Historically, Rio's population grew primarily as a result of domestic migration, which in some years accounted for two-thirds of the city's increase, although many people immigrated from European countries as well. Government policies began restricting foreign immigration in the 1930s, causing the proportion of foreigners in the former Federal District to decline from 30 percent in 1890 to 7 percent in 1960. By that time, almost half of the city's population were Brazilian migrants, most of them born in the states of Rio de Janeiro, Minas Gerais, and Espírito Santo.

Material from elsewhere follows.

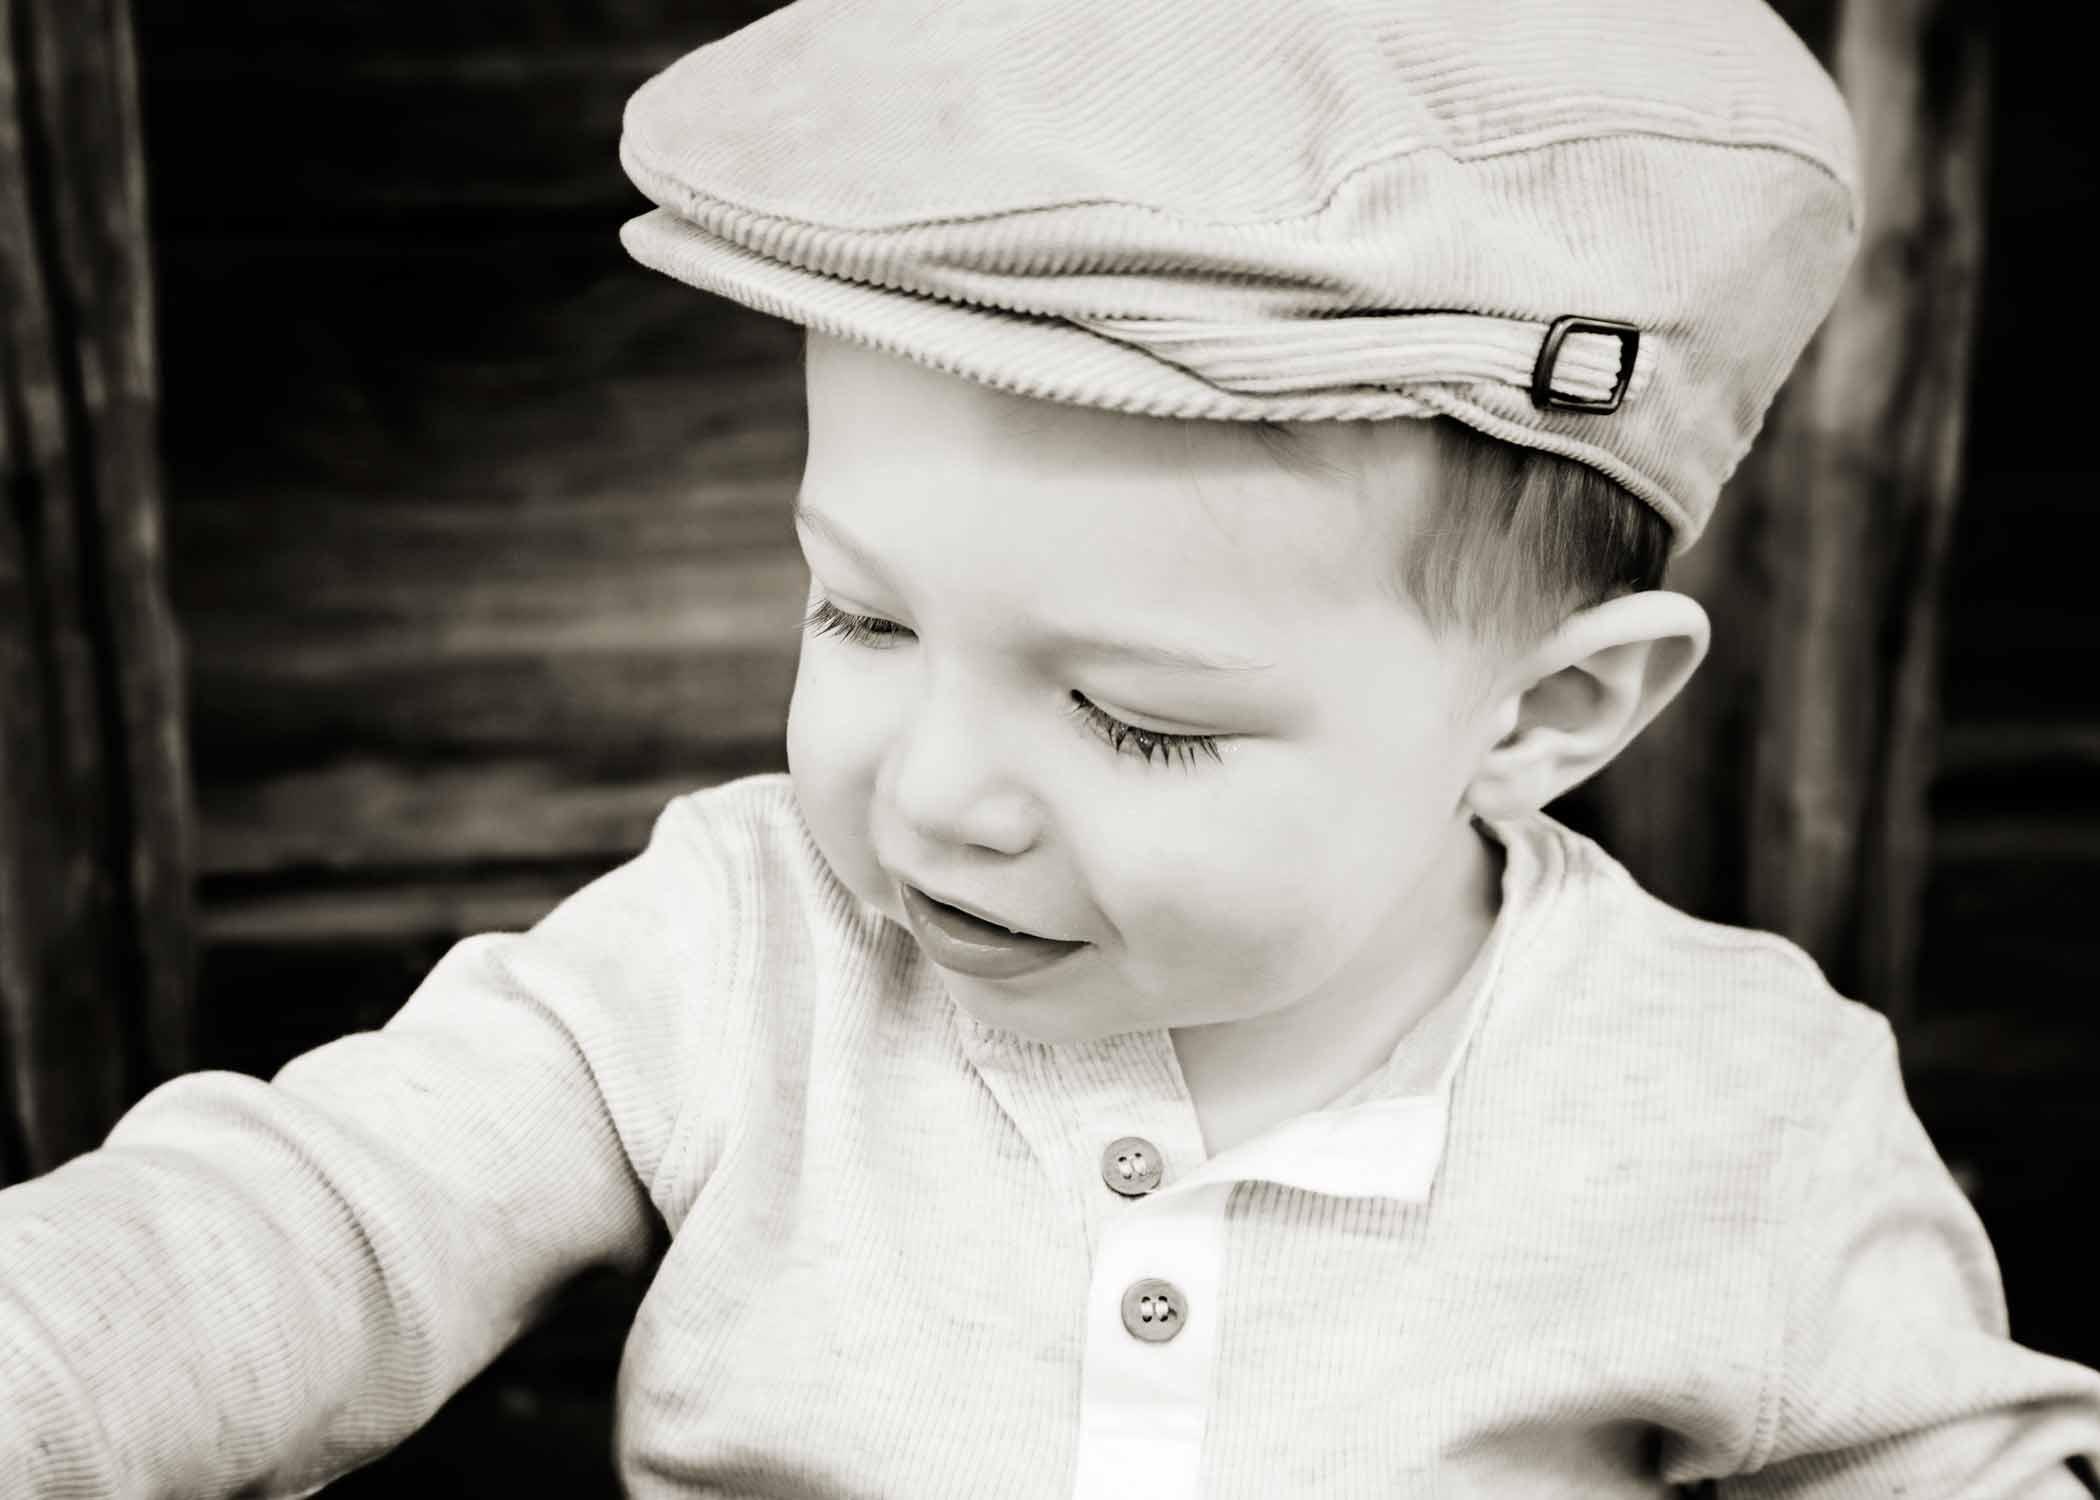 Child wearing a flat cap

The largest groups of foreign born immigrants in the Greater Rio area included those from Portugal, Italy, and Spain.

The 1950s were Rio's decade of greatest proportional growth, with the city expanding by nearly 40 percent and the suburbs almost doubling. However, with the transfer of the national capital to Brasília in 1960, the rhythm of population growth in the city declined. Most internal migrants were directed to other municipalities of the metropolitan region, leaving Rio to rely more on the birth rate within its own boundaries. Still, the city's population grew steadily and did not begin to taper off until the 1990s, when Rio's limited space, then near saturation, served to restrict further growth. With improved access to the West Zone beginning in the late 20th century, growth again began to pick up.

At the beginning of the 21st century, more than four decades since Rio ceased to be the national capital, a large proportion of federal employees were still based there, along with tens of thousands of state and city workers. Moreover, retirees from public service jobs continued to constitute a significant element of Rio's population.